The Mortgage Bankers Association’s weekly survey shows that the adjusted Market Composite Index, a measure of mortgage loan application volume, rose by 3.8%. The results include an adjustment for Labor Day.
The adjusted purchase index rose 1%, while the unadjusted purchase index increased 11% and was 30% lower YOY.
The refinance index rosed by 10% and was 83% lower than the same time last year. Refis made up 32.5% of total applications.
“Treasury yields continued to climb higher last week in anticipation of the Federal Reserve’s September meeting, where it is expected that they will announce – in their efforts to slow inflation – another sizable short-term rate hike,” said Joel Kan, MBA’s Associate Vice President of Economic and Industry Forecasting.
Analysts expect a 75-point rate increase from the Federal Open Markets Committee, which is meeting this week. This would be the third straight 75-point hike since June, bringing the Fed funds rate to the highest level since 2008.
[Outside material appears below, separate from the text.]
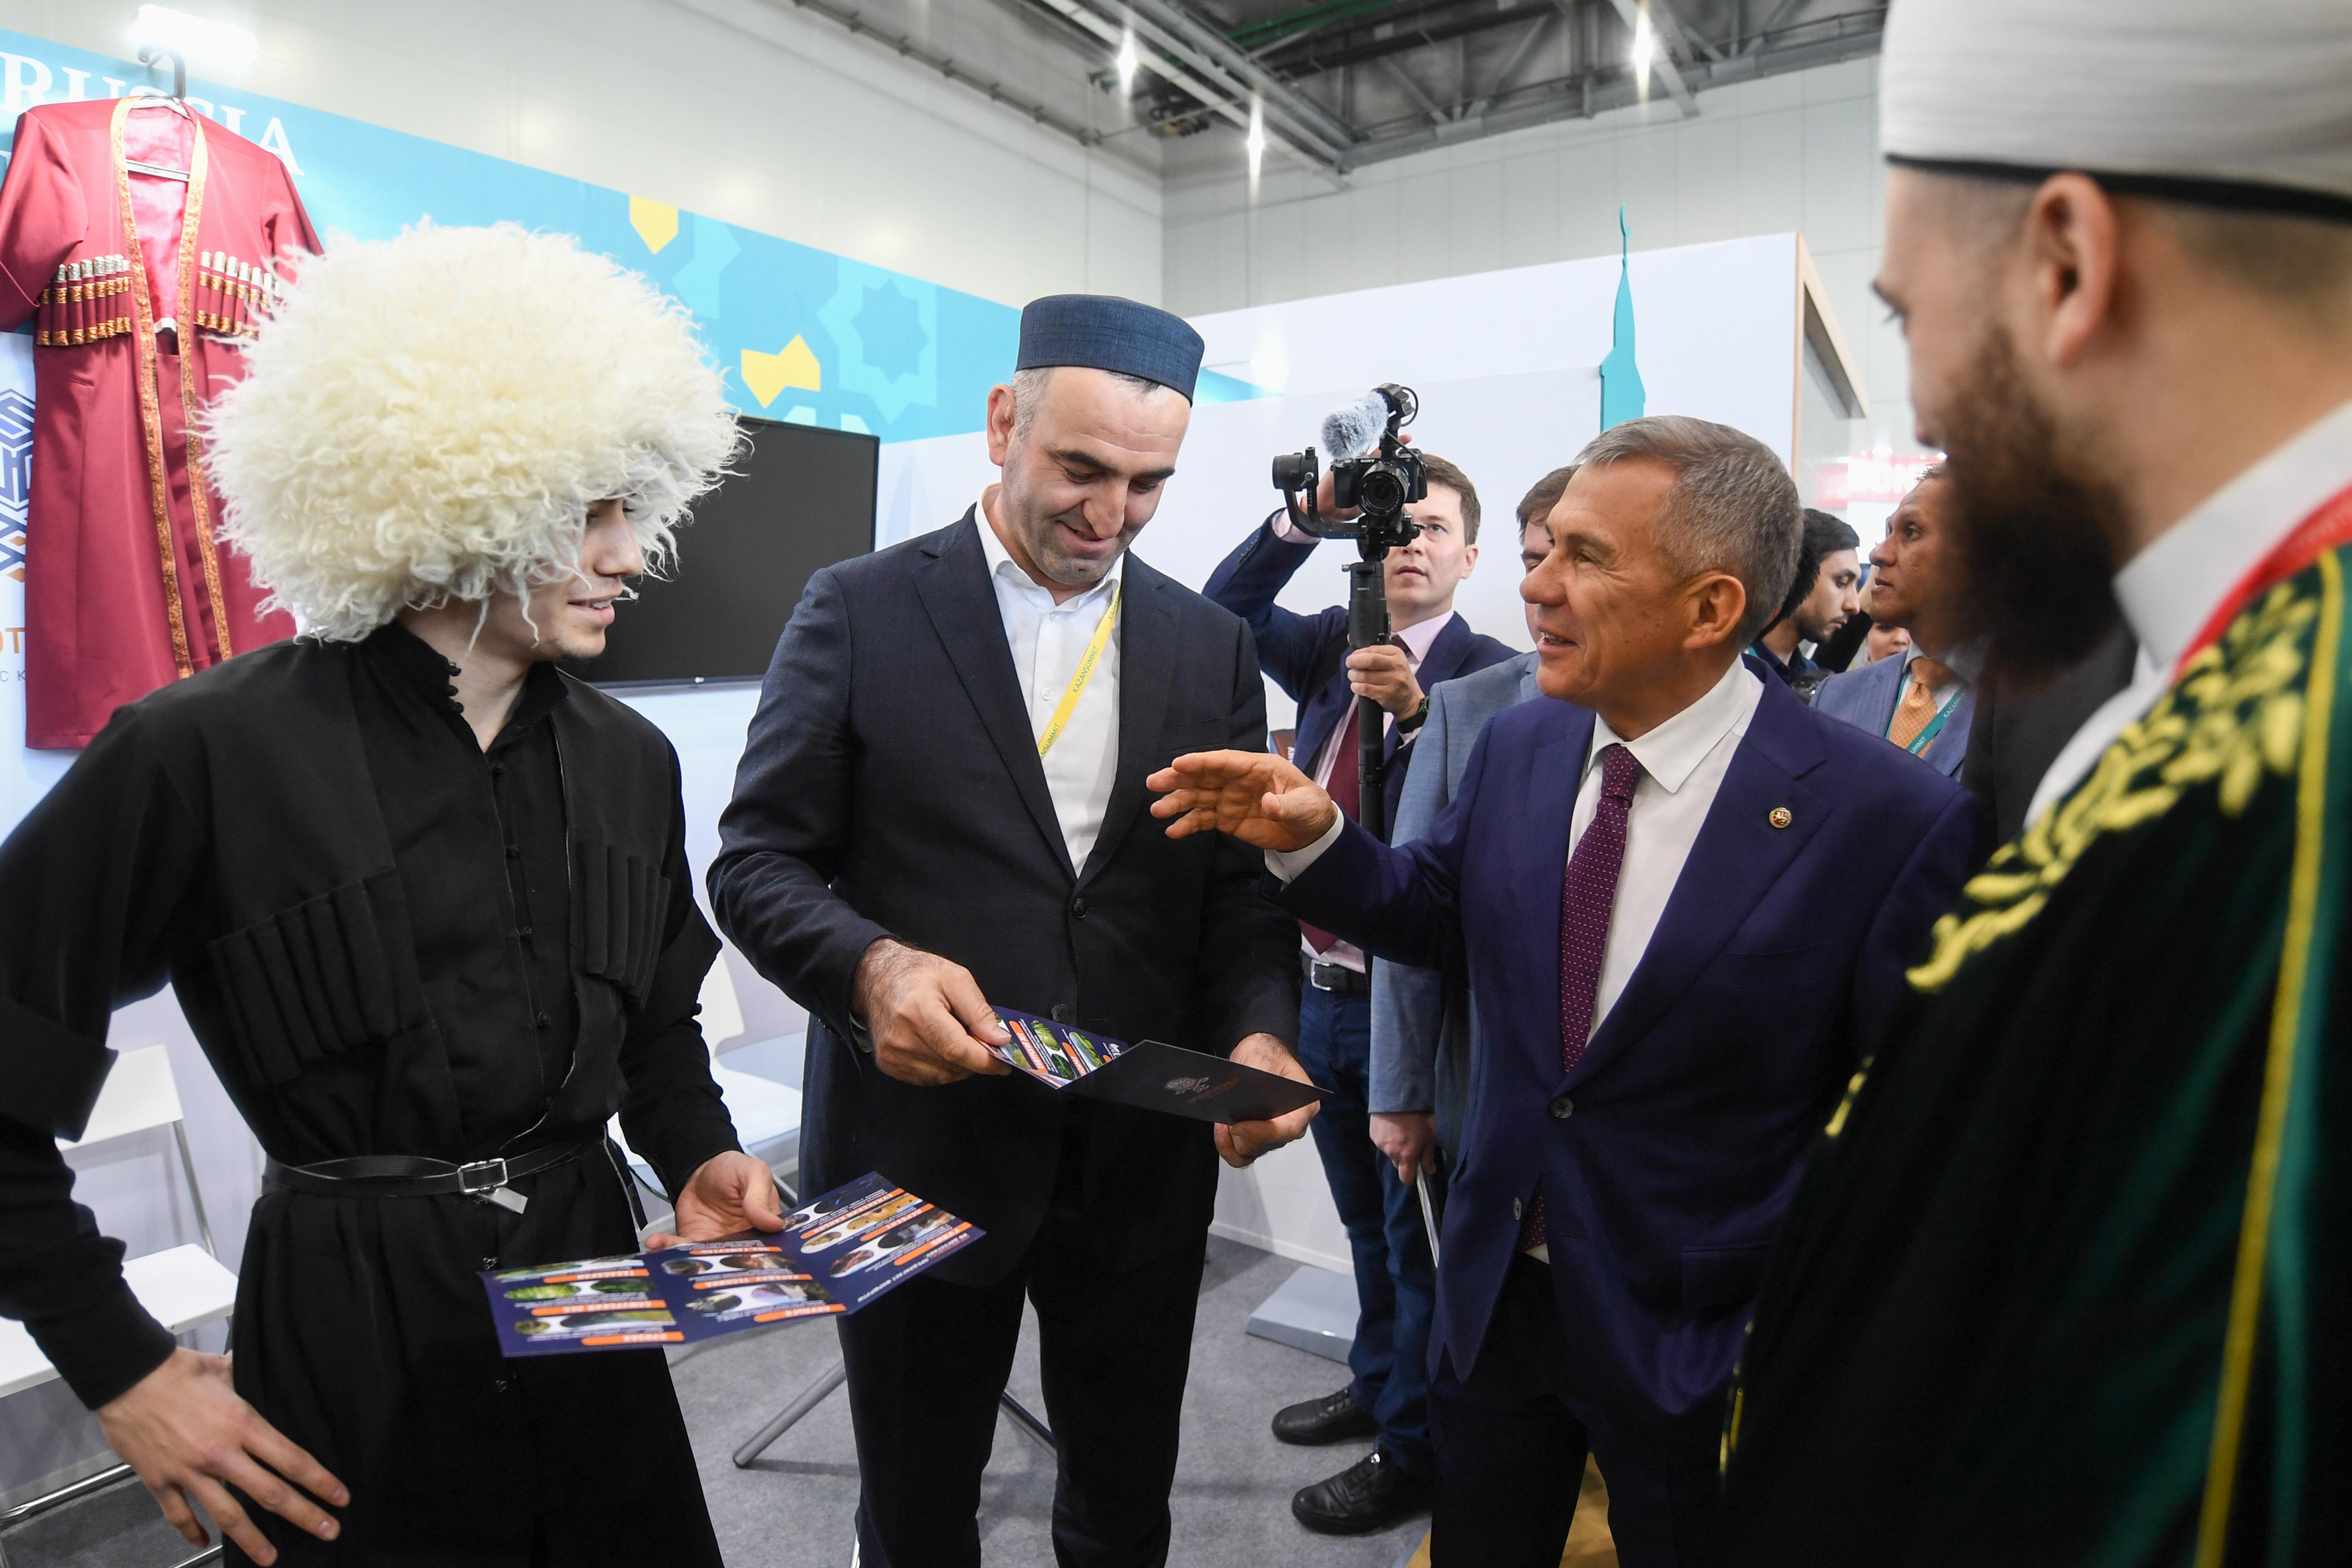 Саммит_Минниханов_Пресс-служба Президента

“As with the swings in rates and other uncertainties around the housing market and broader economy, mortgage applications increased for the first time in six weeks but remained well below last year’s levels, with purchase applications 30% lower and refinance activity down 83%. The weekly gain in applications, despite higher rates, underscores the overall volatility right now as well as Labor Day-adjusted results the prior week,” Kan added.
As rates keep climbing, market volatility may remain for the foreseeable future. Fannie Mae predicts that economic growth will resume in the last half of 2022, but will tip into recession in 2023.
Some industry experts say the housing market is already in recession, however.
“Activity tracks mortgage applications with a lag, and the early September numbers are grim, even before the full hit from the rebound in mortgage rates in recent weeks works through,” Pantheon Macroeconomics chief economist Ian Shepherdson said in a note to clients.
“In short, the housing market is in a deep recession, which is already hammering homebuilders and will soon depress housing-related retail sales.”
The FHA share of total applications fell from 13.4% to 13.3%. The VA share dropped to 10.9% from 11.3% of total applications, and the USDA share fell from 0.7% to 0.6%.
The average contract interest rate for 30-year fixed-rate mortgages with conforming loan balances increased from 6.01% to 6.25%.
The average contract interest rate for 30-year fixed-rate mortgages with jumbo loan balances rose from 5.56% to 5.79%.
The average contract interest rate for 30-year fixed-rate mortgages backed by the FHA increased from 5.71% to 5.85%, and for 5/1 ARMs rose from 4.83% to 5.14%.
ARM activity rose to 9.1% of total applications.